The matter was hushed up; and the ambassadors, on their departure,
appeared perfectly satisfied. But the league between the king and the
Venetians made the Florentines and the duke rather apprehend war than
hope for a long continuance of peace. They therefore entered into an
alliance, and at the same time the enmity of the Venetians transpired
by a treaty with the Siennese, and the expulsion of all Florentine
subjects from their cities and territories. Shortly after this,
Alfonso did the same, without any consideration of the peace made the
year previous, and not having even the shadow of an excuse. The
Venetians attempted to take Bologna, and having armed the emigrants,
and united to them a considerable force, introduced them into the city
by night through one of the common sewers. No sooner had they entered,
than they raised a cry, by which Santi Bentivogli, being awakened, was
told that the whole city was in possession of the rebels. But though
many advised him to escape, saying that he could not save the city by
his stay, he determined to confront the danger, and taking arms
encouraged his followers, assembled a few friends, attacked and routed
part of the rebels, slew many more, and drove the remainder out of the
city. By this act of bravery all agreed he had fully proved himself a
genuine scion of the house of the Bentivogli.
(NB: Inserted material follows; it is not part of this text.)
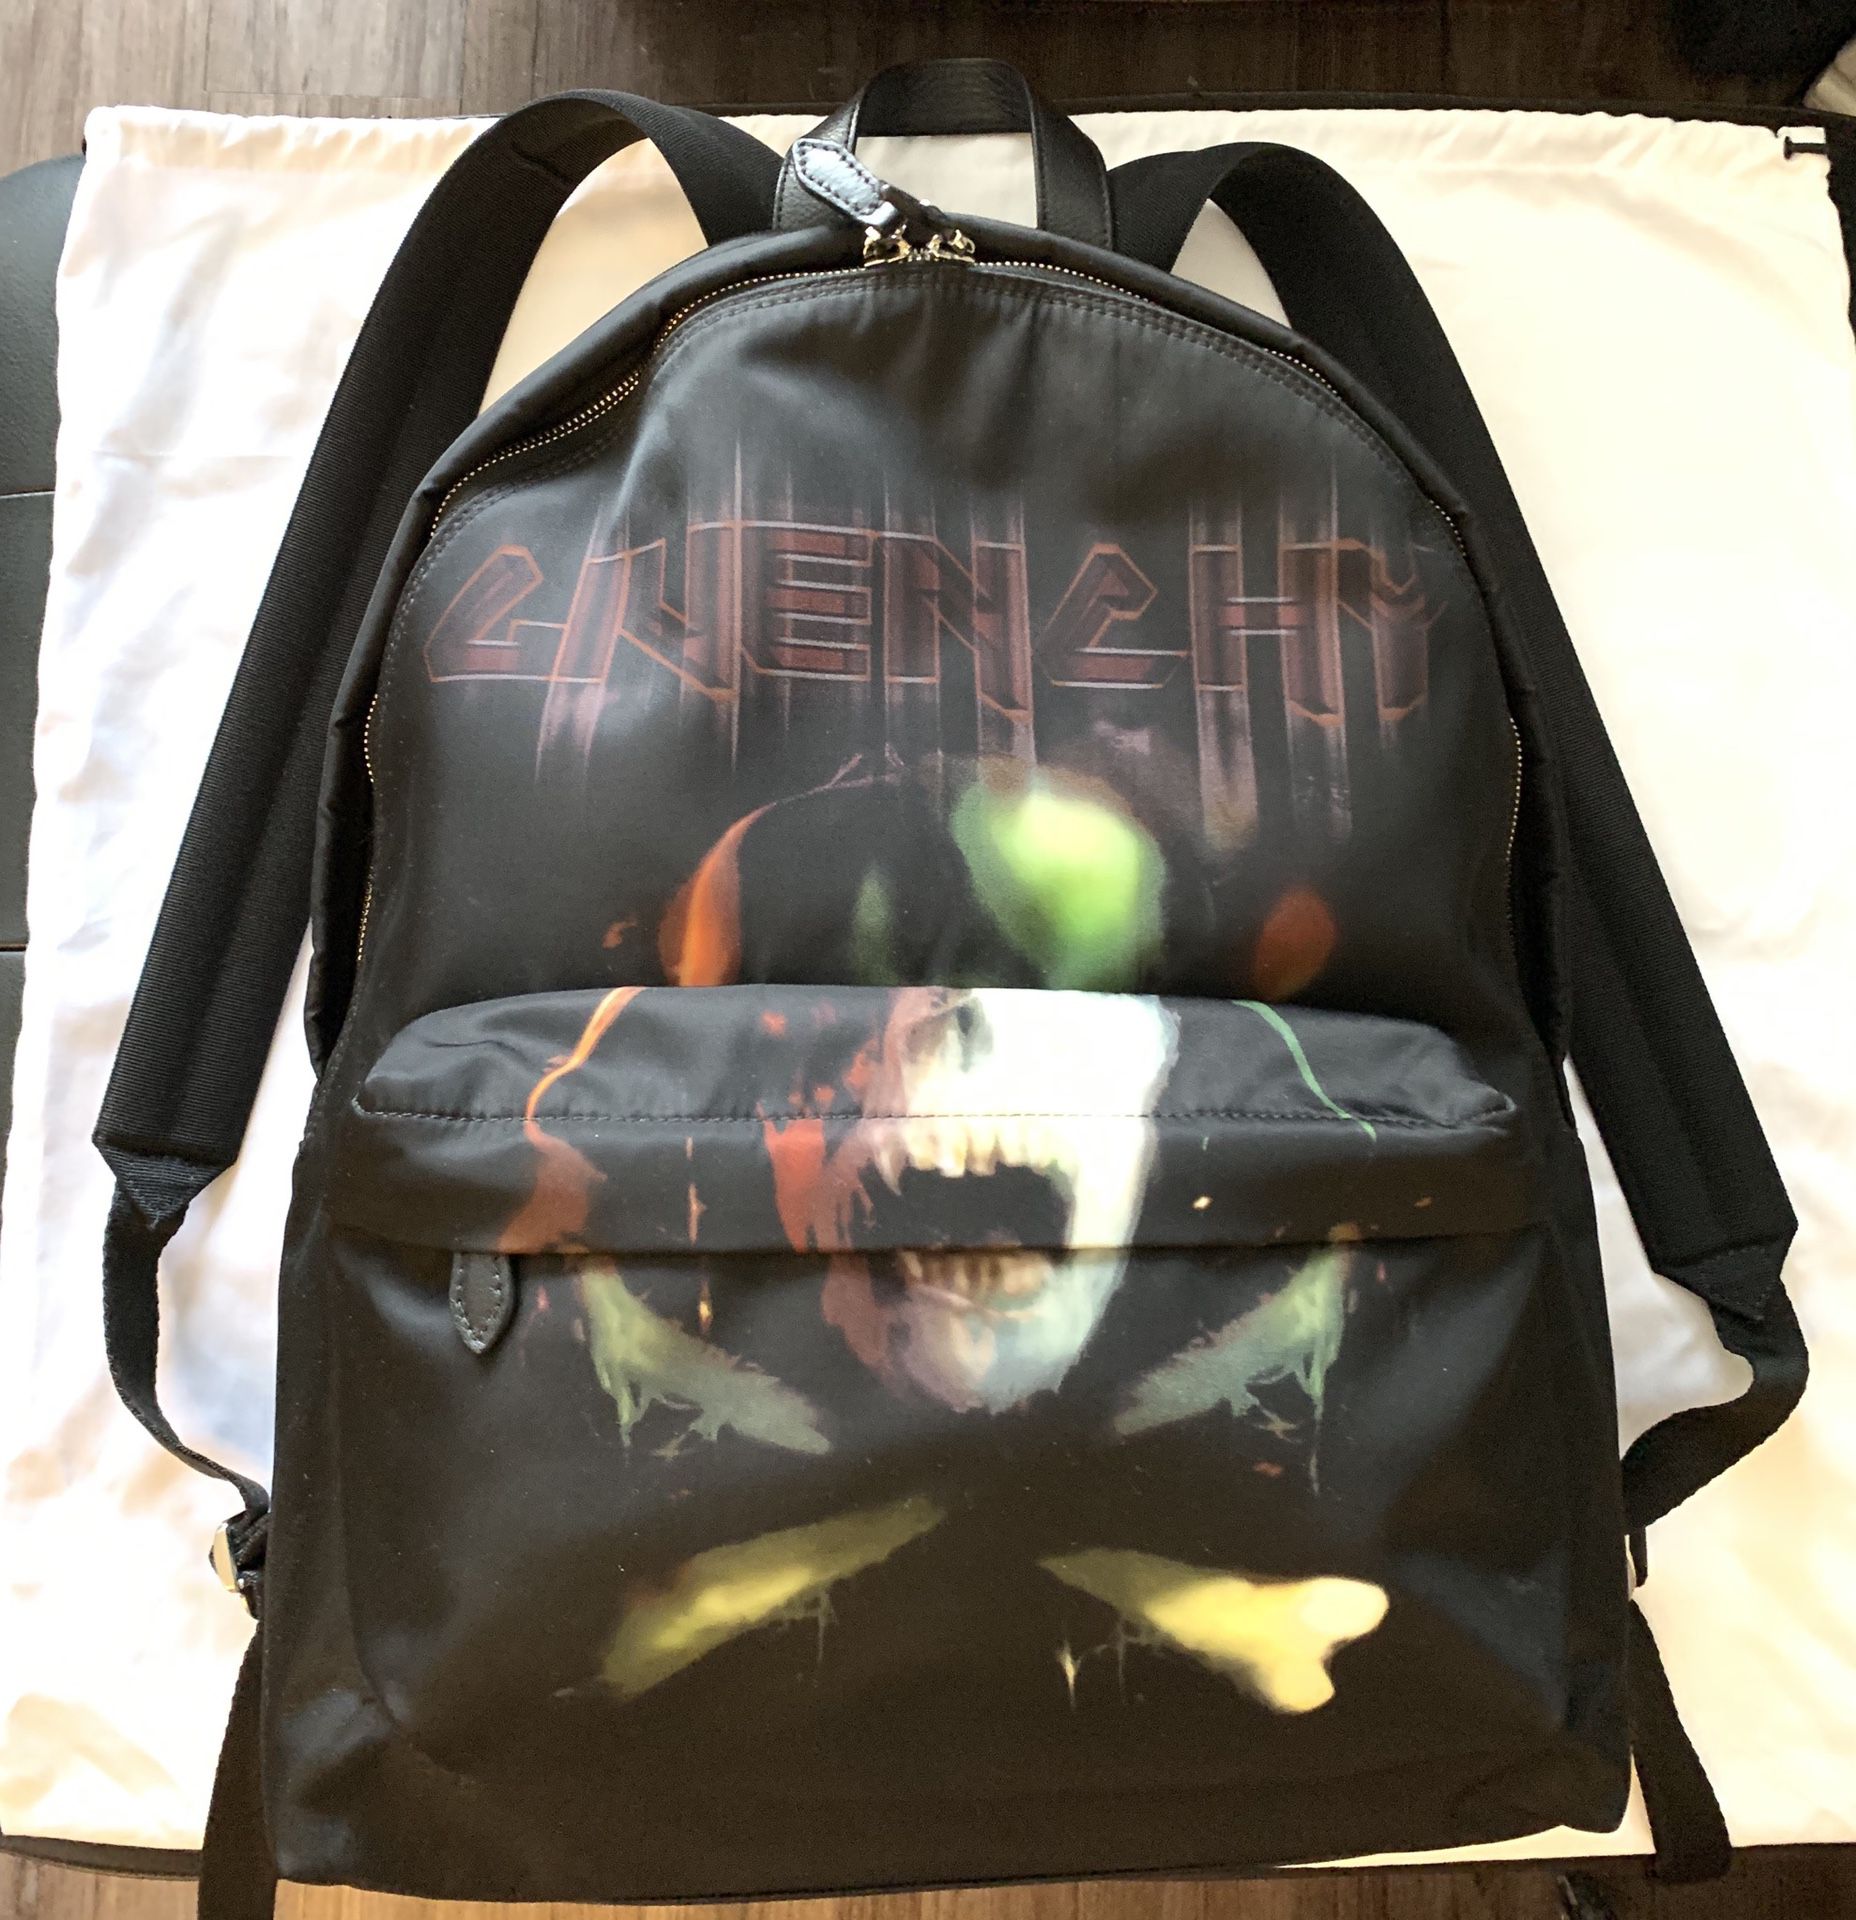 NEW GIVENCHY ARMY SKULL Heavy Metal BACKPACK W/ TAGS. Comes with dust bag. Amazing print !!!

These events and demonstrations gave the Florentines an earnest of
approaching war; they consequently followed their usual practice on
similar occasions, and cre
ated the Council of Ten. They engaged new
condottieri, sent ambassadors to Rome, Naples, Venice, Milan, and
Sienna, to demand assistance from their friends, gain information
about those they suspected, decide such as were wavering, and discover
the designs of the foe. From the pope they obtained only general
expressions of an amicable disposition and admonitions to peace; from
the king, empty excuses for having expelled the Florentines, and
offers of safe conduct for whoever should demand it; and although he
endeavored, as much as possible, to conceal every indication of his
hostile designs, the ambassadors felt convinced of his unfriendly
disposition, and observed many preparations tending to the injury of
the republic. The League with the duke was strengthened by mutual
obligations, and through his means they became friends with the
Genoese, the old differences with them respecting reprisals, and other
small matters of dispute, being composed, although the Venetians used
every possible means to prevent it, and entreated the emperor of
Constantinople to expel all Florentines from his dominions; so fierce
was the animosity with which they entered on this war, and so powerful
their lust of dominion, that without the least hesitation they sought
the destruction of those who had been the occasion of their own power.
The emperor, however, refused to listen to them. The Venetian senate
forbade the Florentine ambassadors to enter their territories,
alleging, that being in league with the king, they could not entertain
them without his concurrence. The Siennese received the ambassadors
with fair words, fearing their own ruin before the League could assist
them, and therefore endeavored to appease the powers whose attack they
were unable to resist. The Venetians and the king (as was then
conjectured) were disposed to send ambassadors to Florence to justify
the war. But the Venetian envoy was not allowed to enter the
Florentine dominions, and the king's ambassador, being unwilling to
perform his office alone, the embassy was not completed; and thus the
Venetians learned, that however little they might esteem the
Florentines, the latter had still less respect for them.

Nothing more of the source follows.